Another problem encountered with CSX is the token conflict issues during XML data distribution. Sometimes, it takes an unexpectedly long time to resolve, which negatively affects customer satisfaction. The TBX format of the illustrative embodiments does not have a central token repository; therefore, there is no potential for conflict. Therefore, the TBX format makes XML data distribution very smooth.

Inlining token definitions within an encoded document inevitably increases the size of the encoded document. Thus, some embodiments include optimizations to save space. One optimization is to allow tokens to be represented by one byte. Because the inline token dictionary includes token definitions for only one document, most documents will encode fewer than 256 tokens. Thus, each token can be represented using the UB1 datatype to store an unsigned value of one byte. Prior solutions use UB4 or UB8, because they need at least four or eight bytes to represent the tokens for all documents in the central token repository. Therefore, allowing a token to be represented by a single byte can significantly decrease the size of the encoded document.
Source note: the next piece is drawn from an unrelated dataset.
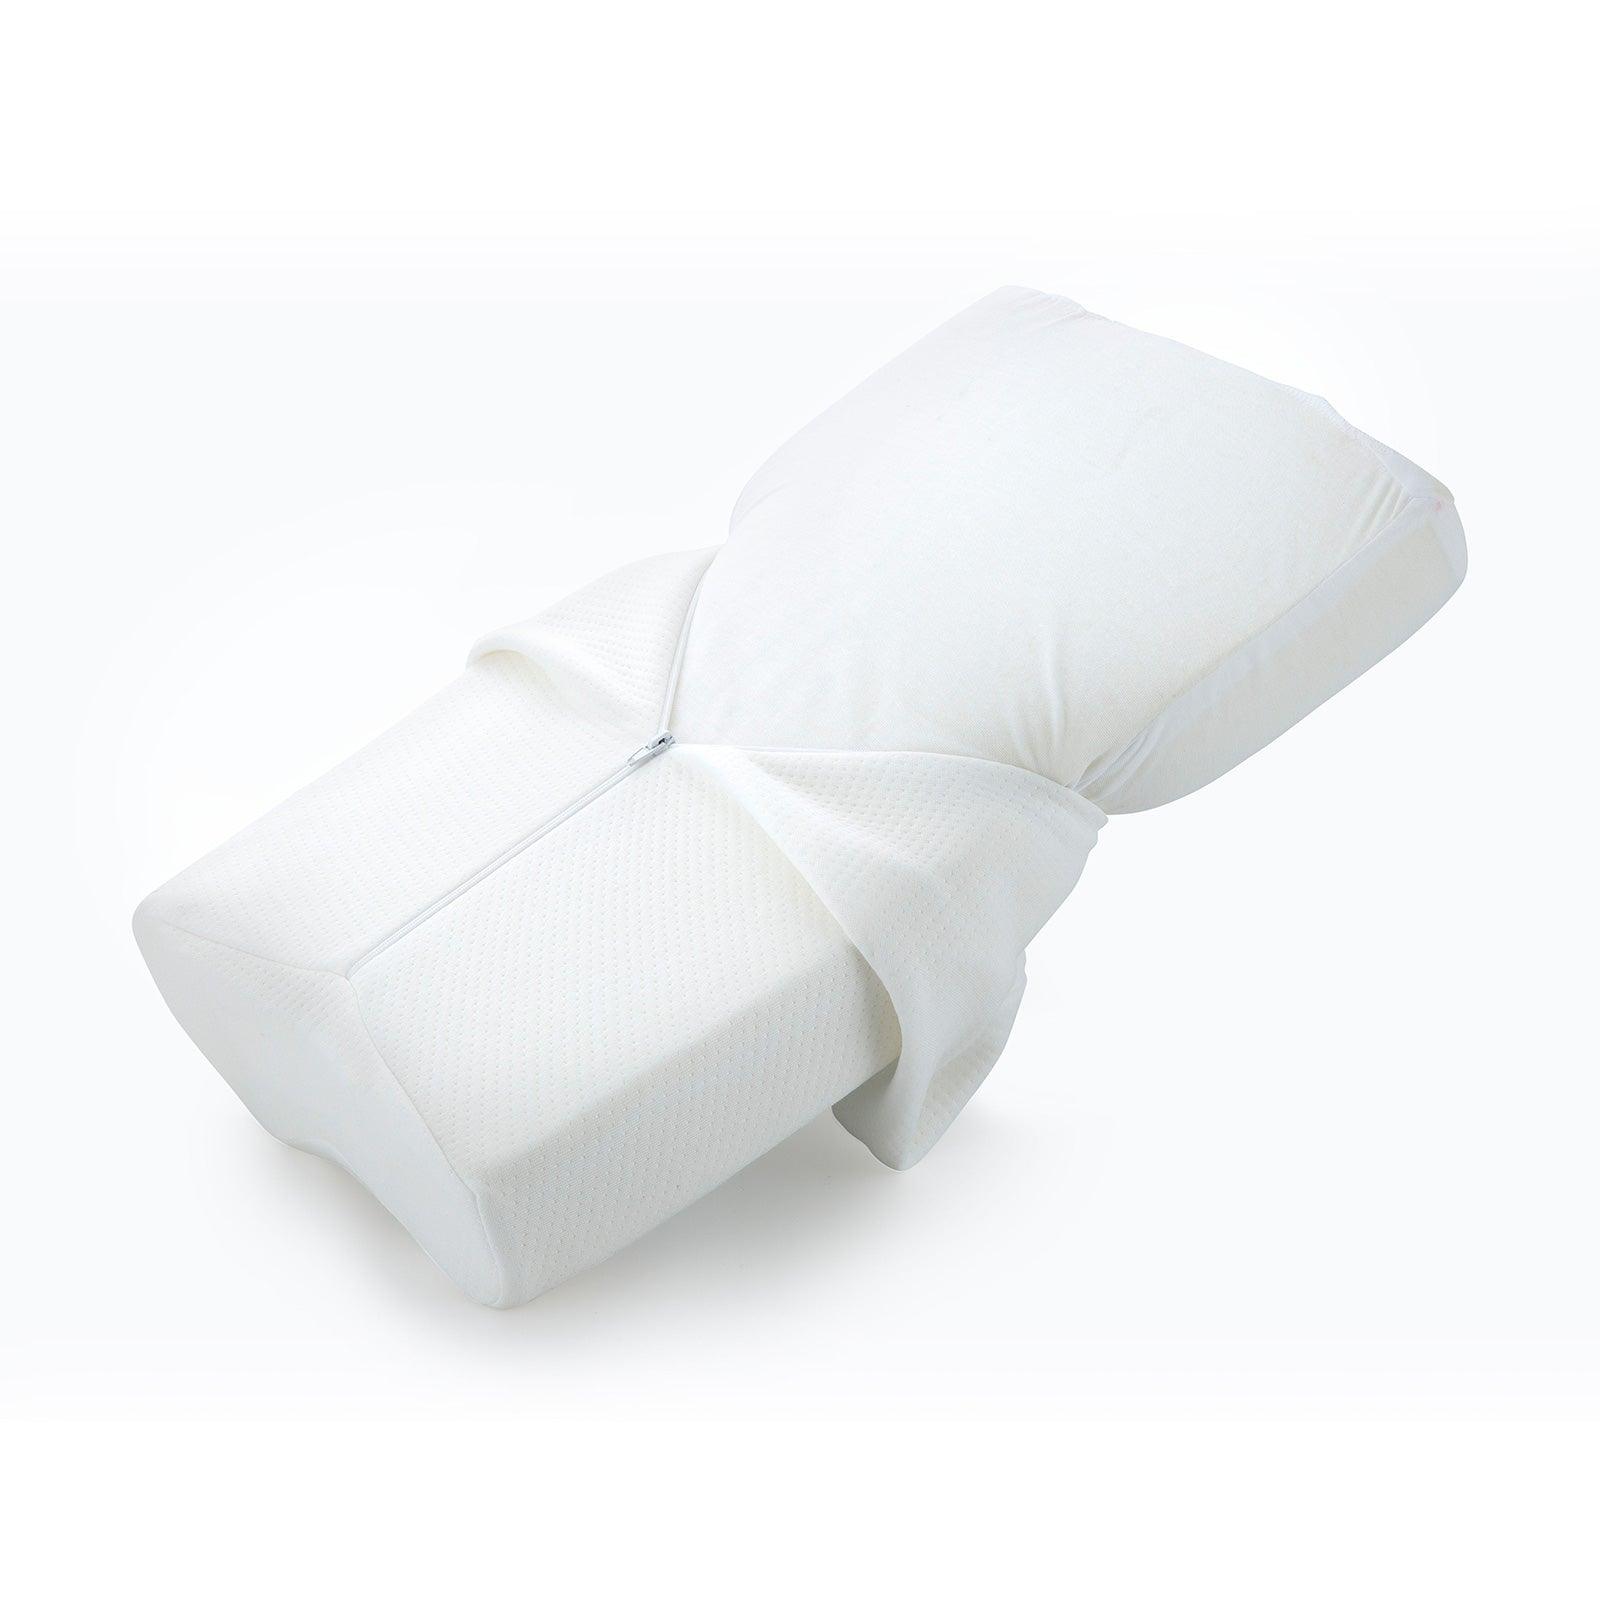 Royal Comfort Cooling Gel Contour High Density Memory Foam Pillow Single Pack

Another optimization is to recognize whether a text value of a leaf node in a document is a number, date, or timestamp and then use an appropriate datatype to store that value. Thus, one embodiment detects when a given value is a number, date, or timestamp. The value is then represented in the encoded document using the corresponding datatype instruction, such as binary number, decimal number, integer, unsigned integer, floating-point number, date, timestamp, timestamp with time zone, or Boolean. (However, for numeric literals, this is only possible when XML schema is consulted.) This represents significant savings in storage space. For example, the number 65,499 can be stored as five or six text characters, each using at least one byte, depending on the text encoding; however, the number 65,499 can be stored as a two-byte integer. Therefore, detecting and converting values to the appropriate datatype can result in significant savings in storage.

The illustrative embodiments also provide a mechanism for quickly determining a mapping between tags/attributes and tokens without having to scan the entire inline token dictionary for each document. The first time a database system encounters a tag/attribute when performing an operation on an encoded document, the system scans the inline dictionary for the tag/attribute to identify a token associated with the tag/attribute and create an entry in a cache, mapping the tag/attribute to the identified token. The next time the database system encounters that tag/attribute, when performing an operation using the same document or a different encoded document, the system uses the cache entry to determine the associated token, looks up the token in the inline dictionary, and determines whether the token is associated with the tag/attribute in the current document. If the token is associated with the tag/attribute in the inline dictionary of the current document, then the database system uses the token to decode the tag/attribute in the document; otherwise, the database system updates the cache entry. This allows the database system to process a plurality of documents, each having its own inline token dictionary, without having to fully scan the inline dictionary of every document for each tag/attribute that referenced in an operation.

Tags and higher-level attributes will be more likely to have matching entries in the inline dictionary, even in multiple documents. Therefore, there may be a savings on the initial reference to a given tag/attribute if a cache entry has the correct association between the tag/attribute and a token. Some documents will repeat a tag/attribute many times, and there will a significant savings for these repeated references to the same tag/attribute, because each subsequent lookup within the same document will indicate that the cache entry has the correct association, thus reducing the number of necessary dictionary scans.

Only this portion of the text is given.